ADMINISTRATIVE PANEL DECISION

Credit Libanais SAL v. Charbel Hajj

Case No. D2002-0792

 

1. The Parties

The Complainant in this administrative proceeding is Credit Libanais, a bank organized and existing as a Lebanese Joint Stock Co. under the laws of Lebanon with its principal place of business located at Sofil Centre, Fifth Floor, Charles Malek Ave, Ashrafieh, Beirut, Lebanon.

The Respondent is Mr. Charbel Hajj, a private individual having his address at Ste Aquilina, 45 Jbeil, Lebanon.

 

2. The Domain Name and Registrar

The disputed domain name is <creditlibanais.net>.

The Registrar of the domain name is Network Solutions, USA.

 

3. Procedural History

Issuance of Complaint

3.1 On August 22, 2002, Complainant submitted a Complaint to the World Intellectual Property Organization Arbitration and Mediation Center ("Center") pursuant to the Uniform Domain Name Dispute Resolution Policy ("UDRP") implemented by the Internet Corporation for Assigned Names and Numbers ("ICANN") on October 24, 1999, and under the Rules for Uniform Domain Name Dispute Resolution Policy implemented by ICANN on the same date ("UDRP Rules"). The Complaint and exhibits were received by the Center via email on August 22, 2002, and in hardcopy on August 26, 2002. The Center acknowledged receipt of the Complaint on August 2002.

Confirmation of registration details

3.2 On August 23, 2002, a Request for Registrar Verification was transmitted to Network Solutions. In an e-mail to the Center dated August 26, 2002, Network Solutions confirmed that it is the Registrar for the domain name <creditlibanais.net> and that the language of the Service Agreement is English. On August 27, 2002, the Center sent a Complaint Deficiency Notification to the Complainant in which it informed the Complainant that the current registrar is Network Solutions and not the one mentioned in the Complaint. The Center requested amendments of the Complaint. The Center received the amendments on September 19, 2002.

Notification of Respondent

3.3 Having verified that the Complaint satisfied the formal requirements of the UDRP and the UDRP Rules, the Center sent on September 12, 2002, a Notification of Complaint and Commencement of Administrative Proceeding to the Complainant by e-mail; to the Respondent by post and e-mail. The Center advised the Respondent that the Response was due no later than October 2, 2002.

Filing of Response

3.4 A Response was filed on October 2, 2002, via email and on October 7, 2002, by hardcopy.

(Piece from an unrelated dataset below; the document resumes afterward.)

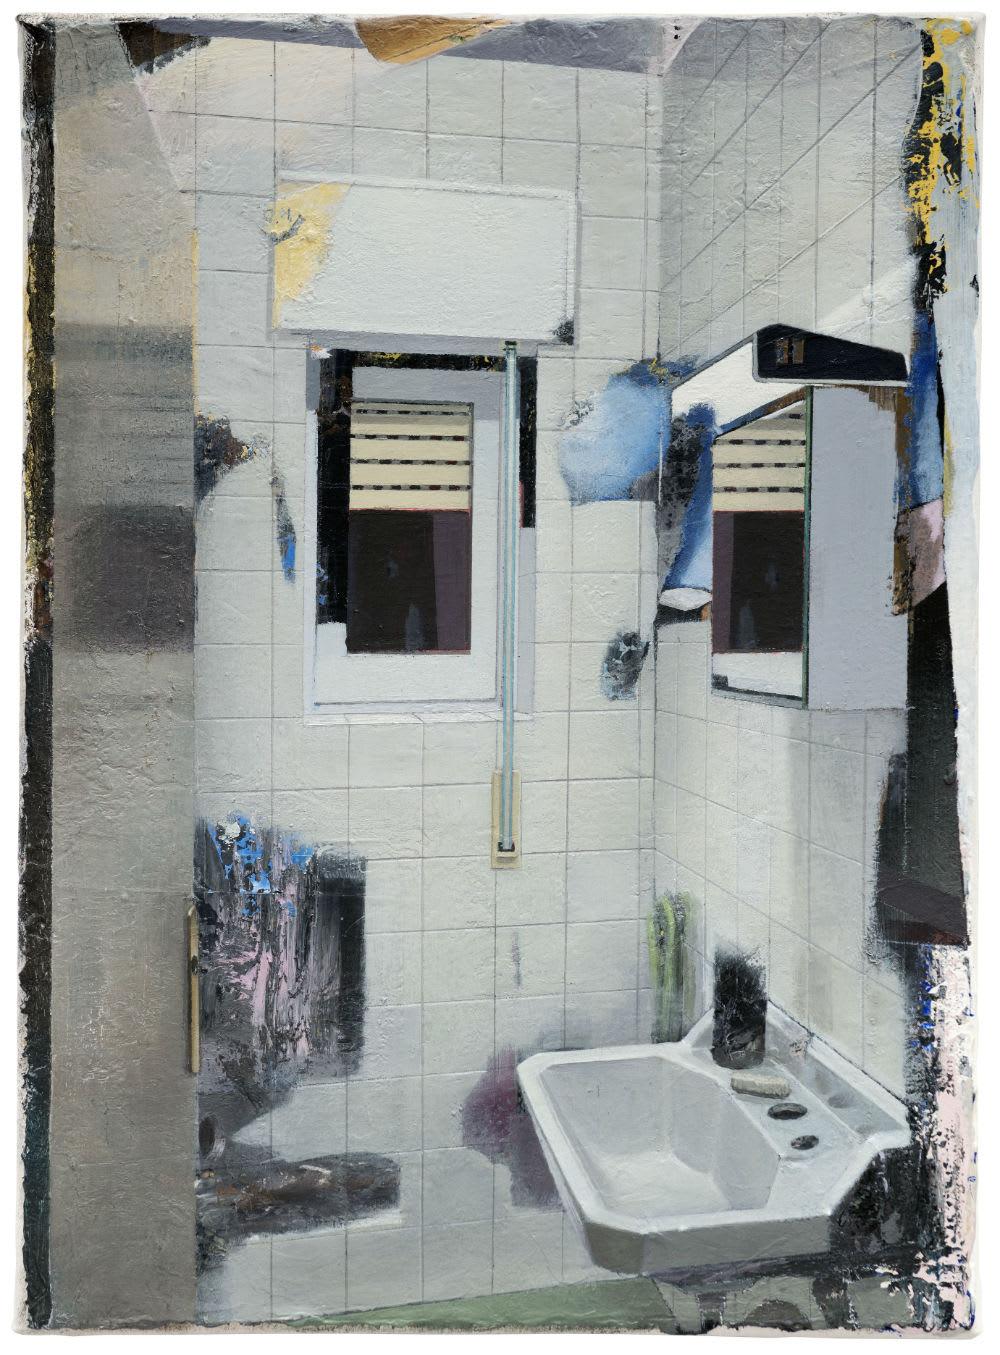 Carlos Sagrera Small Bathroom 2019 Rutger Brandt Gallery

Constitution of Administrative Panel

3.5 Having received the Response within the specified time in the Notification of Complaint, the WIPO Center proceeded to appoint a single-member Panel and invited Dr. Torsten Bettinger to serve as a Panelist in this Administrative Proceeding.

Having received the Panelistís Declaration of Impartiality and Independence, the Center issued a Notification of Appointment of Administrative Panel on October 11, 2002, and set a decision date, with the Panelistís deadline for issuing a decision of October 25, 2002. The Center transmitted the case file to the Panelist on October 11, 2002.

 

4. Factual Background

The Complainant is the well-known Lebanese bank registered in 1961 under the Arabic name (Etemad Lebnany) and its French translation Credit Libanais.

Complainant has provided documentary evidence that it is the owner of a trademark issued under no. 82200 by the Ministry of Economy and Trade of the Republic of Lebanon, consisting of the name of the Complainant in Arabic with its Latin translation "Credit Libanais SAL", a design (a cedar tree with the letter C) and a descriptive phrase in Arabic which means "close to you".

The Respondent is the registrant of the domain name <creditlibanais.net>.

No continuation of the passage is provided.